I'm sorry if I offended, I definitely didn't mean to! And thanks so much for suggesting rural NY, I've been looking around there and I ADORE it - my gran and I (she's moving with me, it's gonna be her retirement) are both in love, we've found some properties we're drooling over and the fact that they're going to be sold before we're ready hurts but it is what it is, you know? Plus! There are jobs nearby that I can do! So thank you so, so much!

@BethR
We're definitely looking at Colorado - although the fact I can't consistently spell it correctly (COLOR-ado, derp) definitely lowers it in the running. It's definitely gorgeous, and there's some places I adore there! Thank you!

@charrorider
Oh I've been looking there! I saw some places I really like there as well, it's definitely somewhere I'll be keeping an eye on. And I'm definitely not wasting time - I put 12$ in yesterday. Not much, but it's a start, isn't it? Thank you so much!

@Cliodona
Dang, that's so impressive! You're living my dream. I can't say I have much in the way of skillsets, but I'm absolutely willing to learn! I love working with my hands, but any sort of labor (or spreadsheets. I love spreadsheets.) and I've been looking at Iowa! There are some really nice places we like. And I've definitely noticed, we want to be closer to a town at the least, but not close-close. And setting goals with rewards sounds great! I have everything broken down in my budget, but I might break some of them in half so I can 'celebrate' at those points. I'll definitely look at Oklahoma and Iowa - and I love that saying. Thank you so much.

@ACinATX
Oh man, I didn't think of that! I've thought of hurricanes (I live in hurricane country at the moment) and tornados but I need to start taking fires into account. Thank you for giving me something to think about - we're talking about maybe moving and renting and getting established in jobs (the living situation has taken a marked turn for the more stressful as I wrote this, lol, so I might knock out some of my budget for an apartment - plus credit!)
I'd probably commute? At the moment I've just started doing food delivery (DoorDash, etc) and I've been doing commissioned writing for a while, but I'll do whatever job I can get, I'm not particularly picky and can't say much as to a skillset. And I'm very much willing to wake up early to work with the animals. Thank you! I'll definitely look into the class.

@BethR
Oh, good to know! Thank you again <3


ETA:
I've made several spreadsheets (probably too many, honestly, but they're fun!) At the moment it's going to be me, mom, and my grandmother so I have them set up so I know how much I need to put in and mom needs to put in as an even split, but also how much it will be total in case she dips.

If anyone has any advice

I've gone with the higher prices that I've found - although I'm probably still low? And rounded up just to be safe and to have nice, clean numbers.

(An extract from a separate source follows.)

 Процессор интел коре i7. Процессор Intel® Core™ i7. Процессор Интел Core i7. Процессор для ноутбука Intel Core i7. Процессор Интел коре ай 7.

This is the sheet of the budget to have BEFORE buying a house









Monthly for a house










...also for fun and future - horse sheets!:

Before buying:









Monthly










I'm probably way off? probably super low/or just plain off


----------



## BethR (Feb 17, 2021)

Haleybird said:


> Oh dang, I really appreciate y'all and I'm sorry I took so long to answer!
> 
> @horselovinguy
> 
> ...


Haley...just for the record, my brother’s attorney told him there isn’t anywhere in Colorado where you need more than an acre to keep a horse. There is even a subdivision in Pueblo where you can keep a horse on a subdivision-sized lot! Though I suspect you want more land than that.
In my township in Michigan 10 acres are required to keep even one horse; ridiculous! We applied for a variance and were turned down so we went through Right to Farm Michigan and they ok’d us right away ( we have fives acres) and... get this...approved us to keep 25 head of livestock! Gosh, all we wanted was one, LOL.


----------



## Haleybird (Feb 27, 2021)

@BethR Oh wow, that's not much! - Just a subdivision sized lot? That's not fair to the horse.

Oh dang, 10 acres for one? That'd be a hell of a happy horse, and a lonely one too! Although I think twenty five is a bit much for five acres, too! Thanks for your time <3


----------